| ANKARA, April 4
ANKARA, April 4 Turkey would play an active role
in any arrangement in Iraq under which crude oil export revenues
are shared between the central government and the northern Iraqi
Kurdistan region, Energy Minister Taner Yildiz said on Thursday.
Yildiz told Reuters in an interview Turkey stood ready to
support an arrangement under which 83 percent of oil export
revenue went to Baghdad and the remaining 17 percent went to the
government of the autonomous Kurdistan region.
"There is nothing on this issue that would unsettle the
Iraqi central government," Yildiz said.
"Turkey would play an active role in giving the 17 percent
to northern Iraq and 83 percent to the Iraqi central
Oil lies at the heart of a long-running feud between the
central government and the autonomous Kurdistan region. Baghdad
says it alone has the authority to control exports and sign
contracts, while the Kurds say their right to do so is enshrined
in Iraq's federal constitution.
The Kurdistan Regional Government (KRG) started on the path
towards economic independence early this year by exporting small
volumes of crude oil by truck to Turkey.
The move further angered Baghdad, which threatened action
against the region and foreign oil companies working there to
stop the exports, which it says are illegal.
Yildiz said he saw no obstacles to public or private firms
striking oil exploration deals with Kurdistan, but also said
Turkey would take part in oil exploration tenders if invited to
do so by the central government in Baghdad.
He said Turkey also stood ready to build a natural gas
pipeline in Iraq if requested by either Baghdad or Kurdistan.

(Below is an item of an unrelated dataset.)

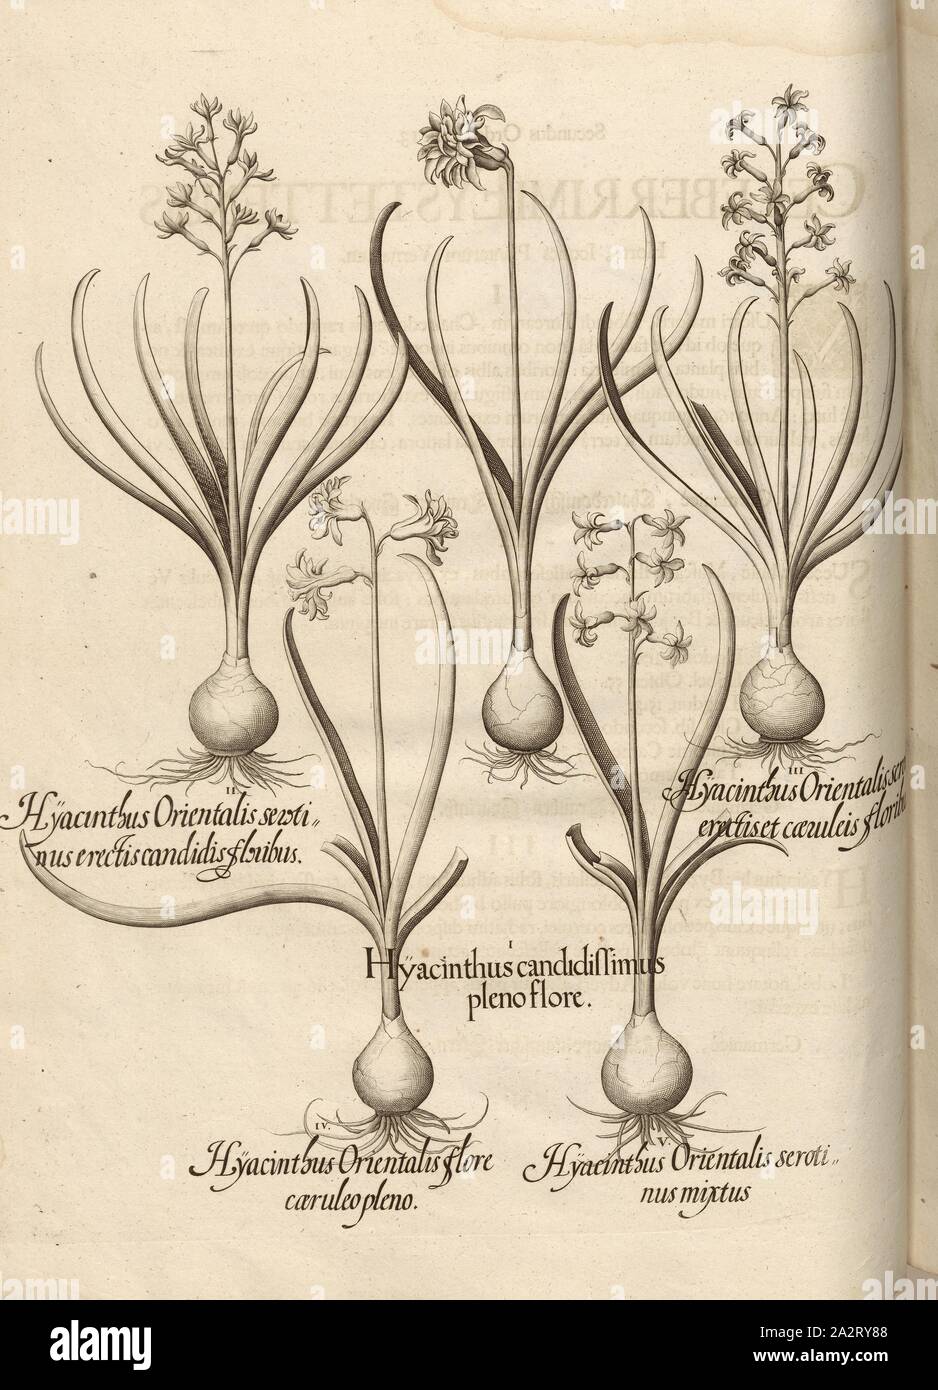 Hyacinthus ..., giacinti, incisione su rame, p. 106, Besler, Basilio; Jungermann, Ludwig, 1713, basilio Besler: Hortus Eystettensis (...). Nürnberg, 1713 Foto Stock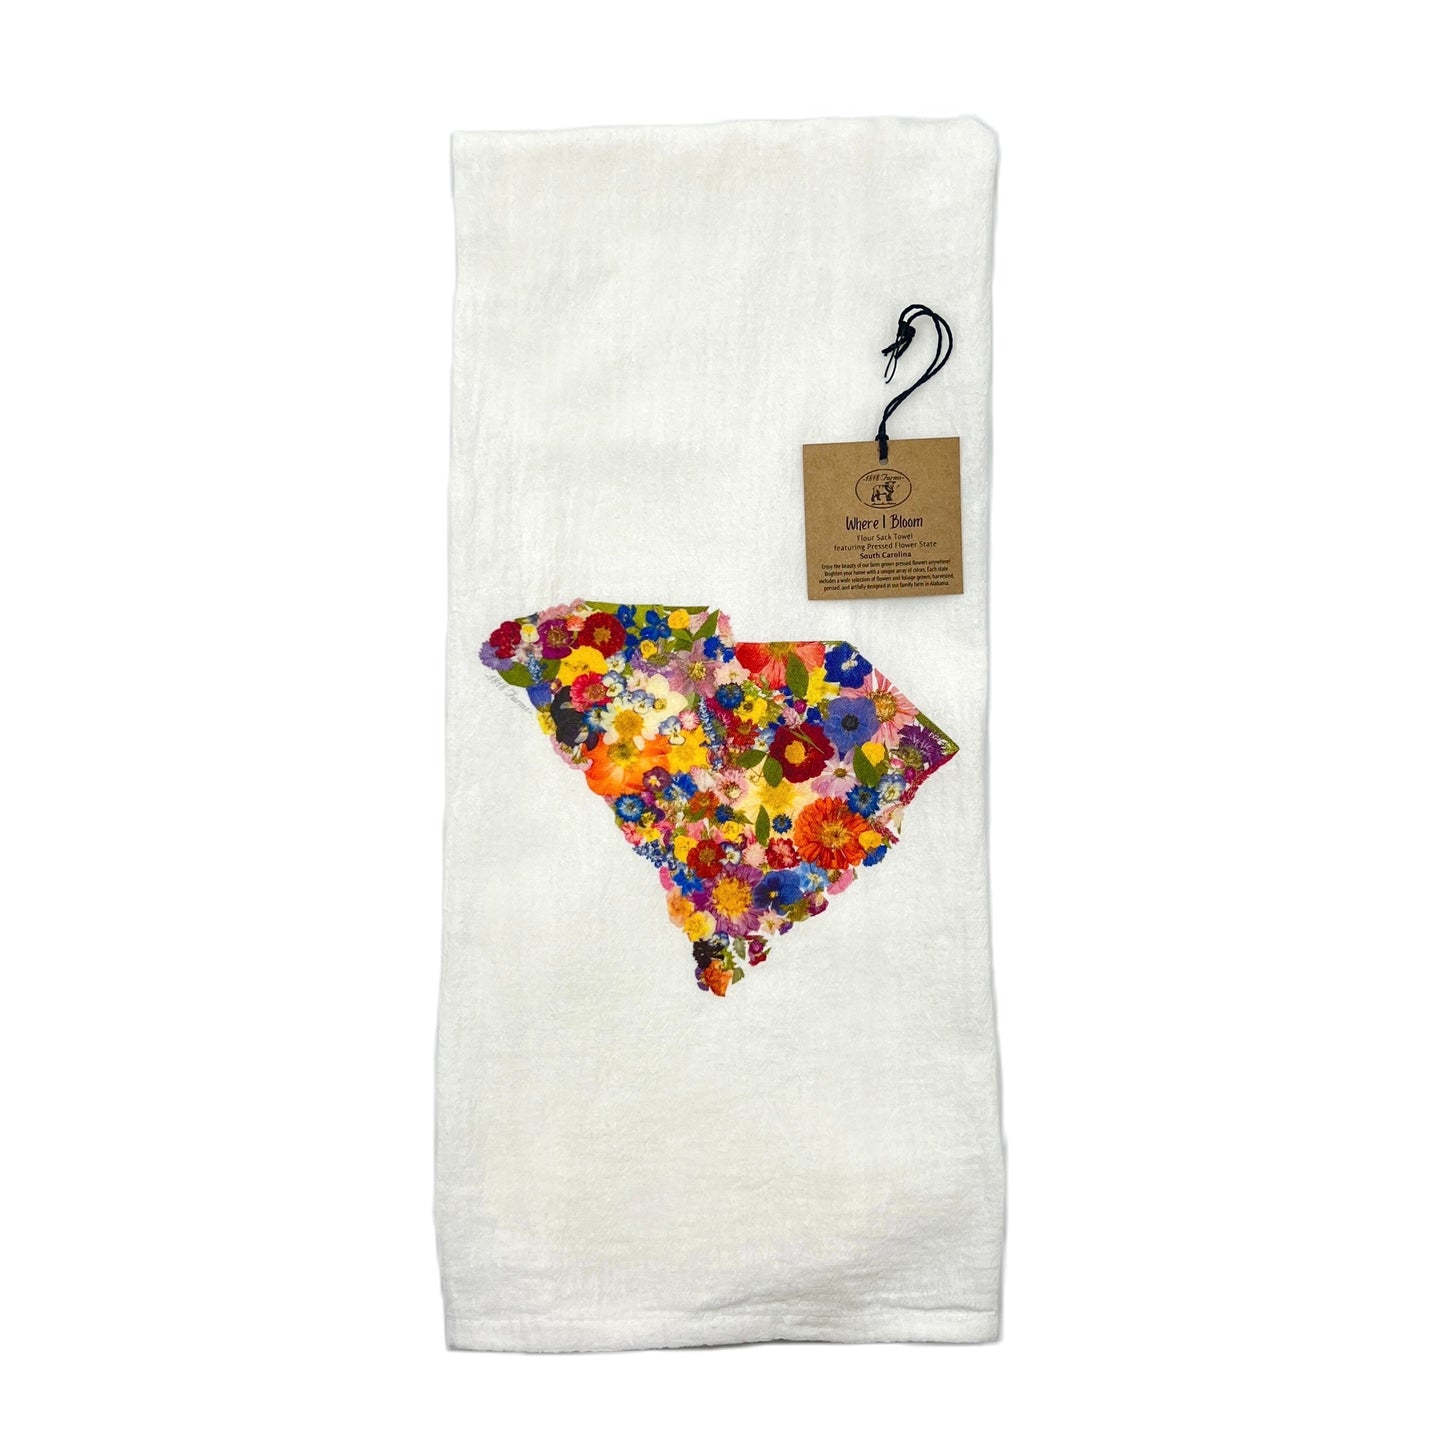 State Themed Flour Sack Towel  - "Where I Bloom" Collection Towel 1818 Farms South Carolina

Yildiz said Turkey's imports from northern Iraq changed on a
daily basis but reached a maximum of around 200-250 road tankers
a day. He said Turkey may increase annual oil imports from Iraq
as a whole to 4.0 million tonnes from a current 3.5 million.
KRG crude used to be shipped to world markets through a
Baghdad-controlled pipeline running from Kirkuk to the Turkish
port of Ceyhan, but exports via that channel dried up in
December due to a payment row with Baghdad.
The northern region is now pushing ahead with plans to build
its own oil export pipeline to Turkey, despite objections from
the United States, which fears the project could lead to the
break-up of Iraq.
Yildiz urged Iraq to provide more crude for the Ceyhan
pipeline and said Turkey would also support the idea of a new
pipeline from Iraq's southern Basra terminal to Ceyhan.